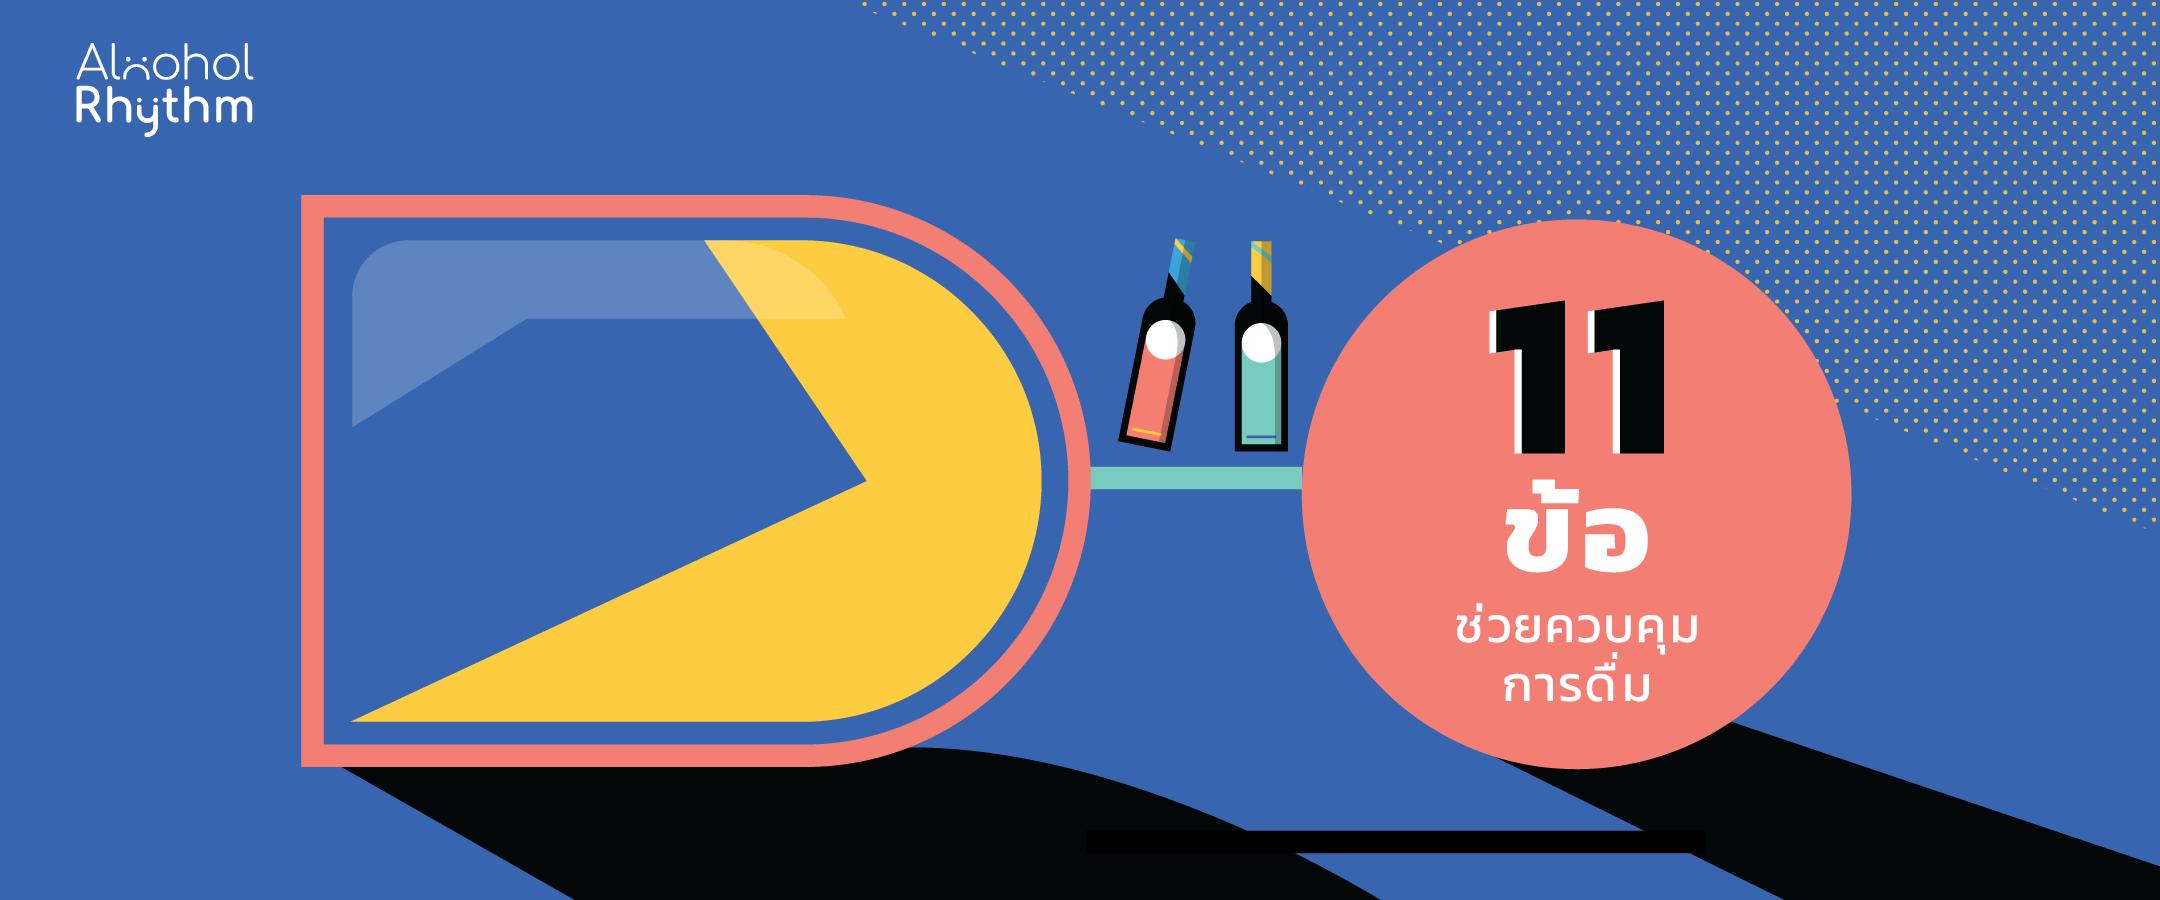 ลดอย่างไรให้ได้ผล? : 11 วิธีช่วยลดการดื่มแอลกอฮอล์
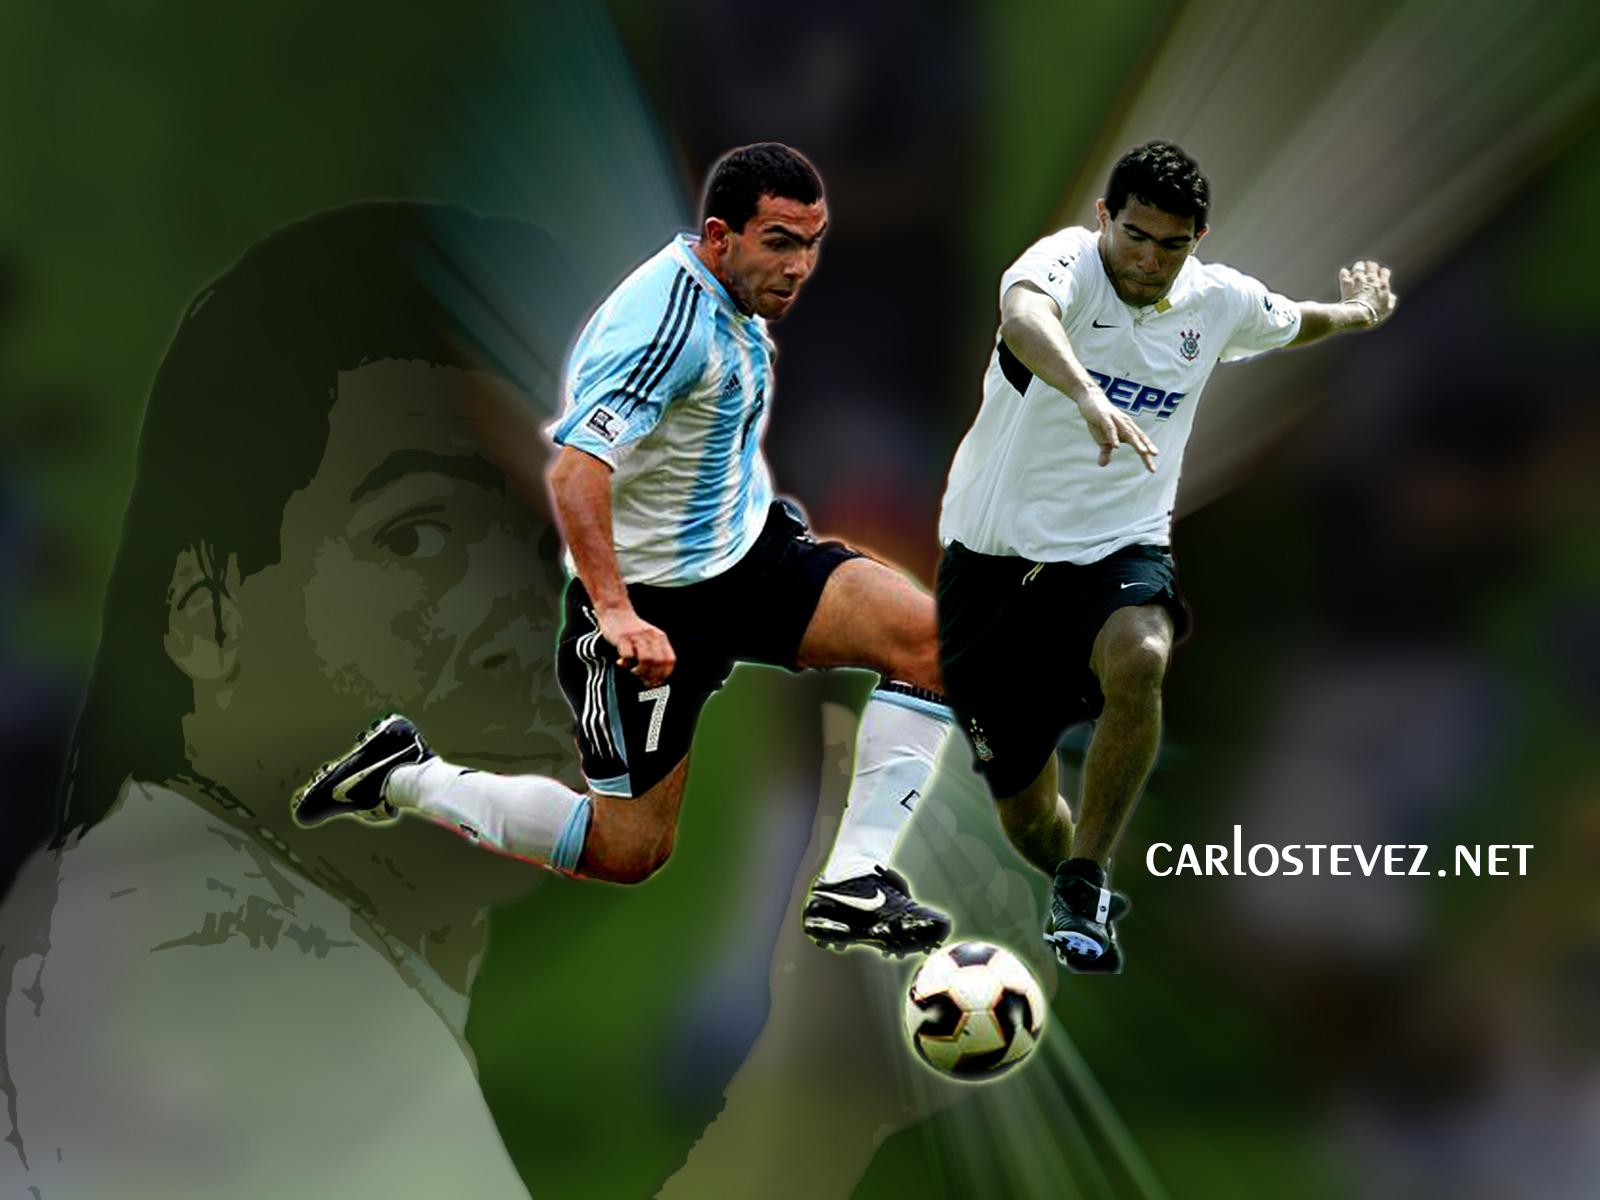 http://4.bp.blogspot.com/-Cv_x5qiZmTo/Te92P6WJV0I/AAAAAAAACCM/6PFNZmWc58M/s1600/Carlos-Tevez-Wallpaper-4.jpg
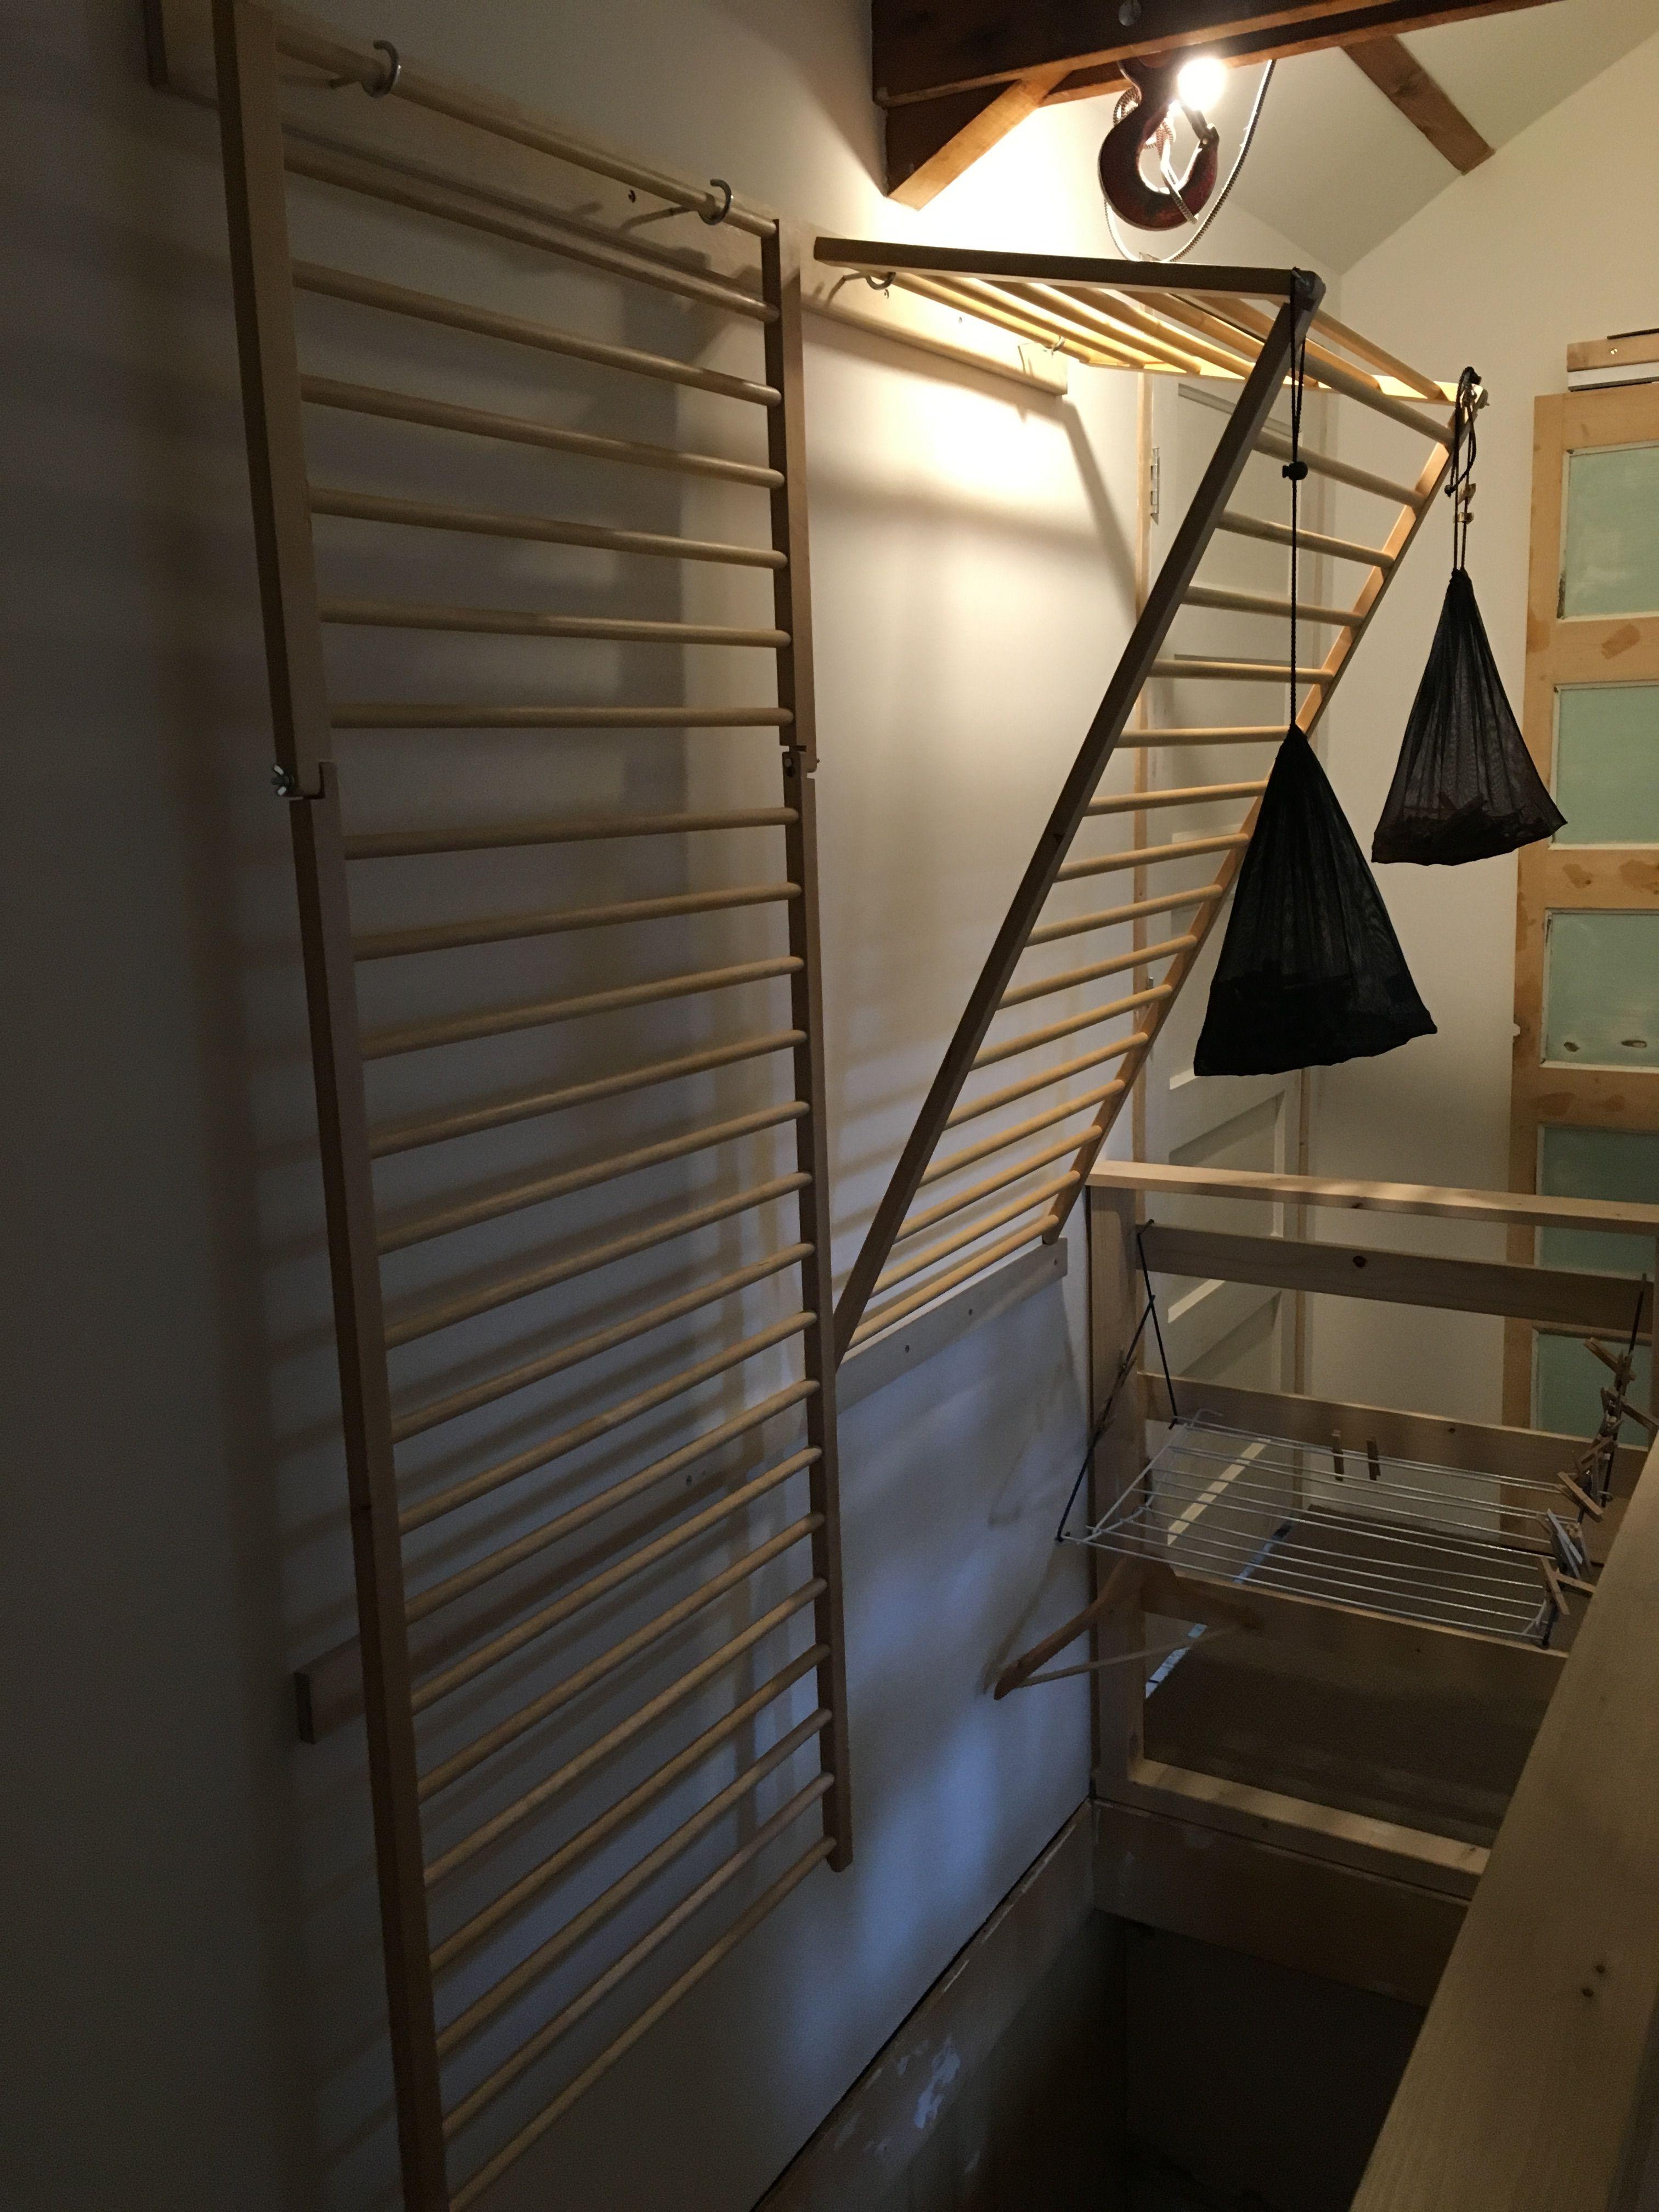 Ikea Wasrek Ikea Bureau Galant Amazing Ikea Bureau
━━━━━━━━━━━━━━━━━━━━
■ **Aim of the exercise**: Copy out all the data above exactly, pictures excluded.

■ **Solution to this problem**:
 ลดอย่างไรให้ได้ผล? : 11 วิธีช่วยลดการดื่มแอลกอฮอล์
 http://4.bp.blogspot.com/-Cv_x5qiZmTo/Te92P6WJV0I/AAAAAAAACCM/6PFNZmWc58M/s1600/Carlos-Tevez-Wallpaper-4.jpg
 Ikea Wasrek Ikea Bureau Galant Amazing Ikea Bureau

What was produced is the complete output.